The law may affect local beaches in decades to come, if rising sea levels change the line between wet sand, which is public access, and dry sand. The latter is not open to the public along areas of private property. Jerry Lower/The Coastal Star
Amid confusion about new law, beachgoers likely to see no sudden changes in enforcement
By Dan Moffett
As if separating public and private beach rights weren’t contentious and confusing enough, a new state law signed by the governor in March adds another layer of complexity to Florida’s long-running quandary.
What’s clear is that House Bill 631 is probably the most controversial and misunderstood measure to come out of the 2018 legislative session.
Champions of public beach access rights have called it a travesty. Some municipal officials have criticized it as an infringement on home rule. Some waterfront property owners have complained that it doesn’t go far enough.
“This law has caused a lot of confusion,” said South Palm Beach Mayor Bonnie Fischer. “People aren’t sure what it means.”
What coastal residents in Palm Beach County should understand is that Gov. Rick Scott signed into law a bill that is narrowly focused, has limited impact and, most important, changes nothing about beach access as it exists today.
“We don’t see any substantive impact on the town of Ocean Ridge,” said Town Manager Jamie Titcomb. “Our beach areas are defined and determined.”
The same goes for coastal communities throughout the county, their officials say.
Some law enforcement authorities, however, believe HB 631 could have the unintended benefit of making it easier for them to enforce the line between public and private beach. The law specifically cites the mean high-water line as a standard, reaffirming an ambiguous and shifting boundary that over the decades has been routinely misunderstood and contested.
The Florida Constitution says the wet sand area below the mean high-water line is considered public and state-owned. The dry sand above it is private. Roughly 60 percent of Florida’s beaches are adjacent to private ownership.
Manalapan has no public beaches and has struggled for years to keep interlopers from wandering off the wet sand onto private property. Police Chief Carmen Mattox says language in the new law affirms how his officers are patrolling the town’s beachfront.
“I believe the new law delineates what part of the beach is public and what part is private property,” Mattox said. “It confirms Manalapan’s beaches are private.”
Law built on ‘customary use’
The thrust of the new law, which goes into effect July 1, prevents county and municipal governments from enacting “customary use” ordinances that allow public access to private beach property without first getting approval from the courts.

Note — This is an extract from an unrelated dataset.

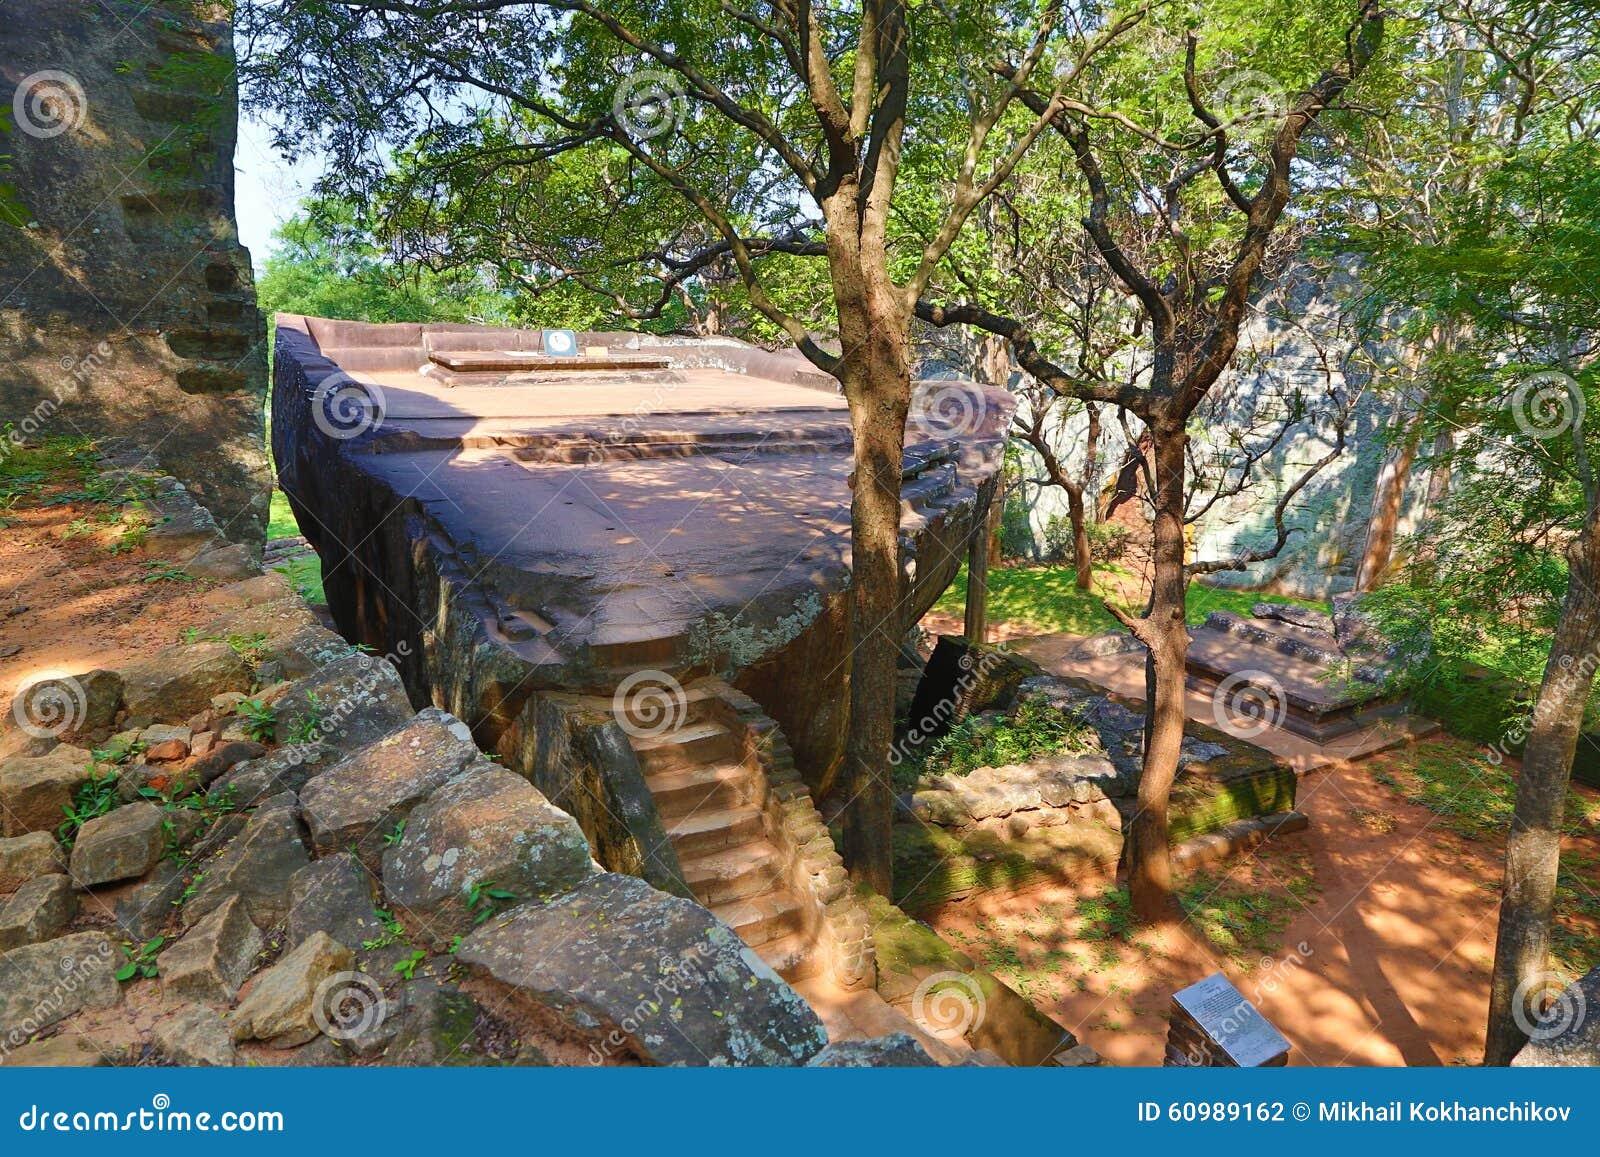 Sigiriya Garden In Sri Lanka Stock Photo Image Of Lankan Sigiriya

The Florida Supreme Court has recognized the principle of “customary use” rights when the public has a tradition of use that “has been ancient, reasonable, without interruption, and free from dispute.” In other words, historical precedent can matter when it comes to determining access.
There have been only a few customary use beach ordinances passed in the state’s history, according to the Florida League of Cities, and those have been in three northern counties: Volusia, St. Johns and Walton. No South Florida government has made a serious attempt at passing one, league officials say.
Once the new statute goes into effect, it will require a judge’s sign-off on these relatively rare local laws that have sprung up along the Panhandle and the northeast coast.
It was an ordinance in Walton that prompted the legislature to act this year. Some prominent Panhandle property owners, among them former Arkansas Gov. Mike Huckabee and Republican political adviser Karl Rove, complained about a local customary use ordinance and filed suit.
Rep. Katie Edwards-Walpole, D-Plantation, who sponsored HB 631, said the new law strikes a balance between public and private rights.
“The legislation does not privatize public beaches nor does it impact the public’s ability to enjoy public beaches,” she told legislators.
While the law abolishes Walton’s ordinance, it leaves intact all others, those passed before 2016.
The law mandates that, from now on, any city or county that wants to enact a customary use beach ordinance must first get a judge’s approval and make the case in court.
Future sea level rise could muddle interpretation
The Florida Wildlife Federation, the Florida Association of Counties and the Surfrider Foundation, a nonprofit group dedicated to beach preservation, vigorously opposed the bill, arguing it was an alarming precedent that was sure to cause confusion — which it surely did.
Here’s how the Surfriders put it: “This bill is bad. It makes it harder for local governments to protect beach access for the public, it’s confusing and damaging for local tourism economies, and it sets a bad precedent. That said, unless you are in Walton County, it should not cause immediate changes in beach access or your ability to utilize the beach.”
That last sentence is critical for towns such as Ocean Ridge, Manalapan and South Palm Beach, where beach access has been questioned. There are no immediate or foreseeable changes to any beach activity: From renourishment projects to sunbathing to morning walks, everything is as it was before HB 631.
The law’s most significant impact in Palm Beach County could come years or decades from now, if rising seas shift the demarcation lines between wet sand and dry sand, and muddle public-private access.
Future government councils and commissions will find it more difficult to invoke the customary use doctrine to sort out changing boundaries on the beaches, parties on all sides agree. The new law will shift some of the decision-making from municipal officials to judges.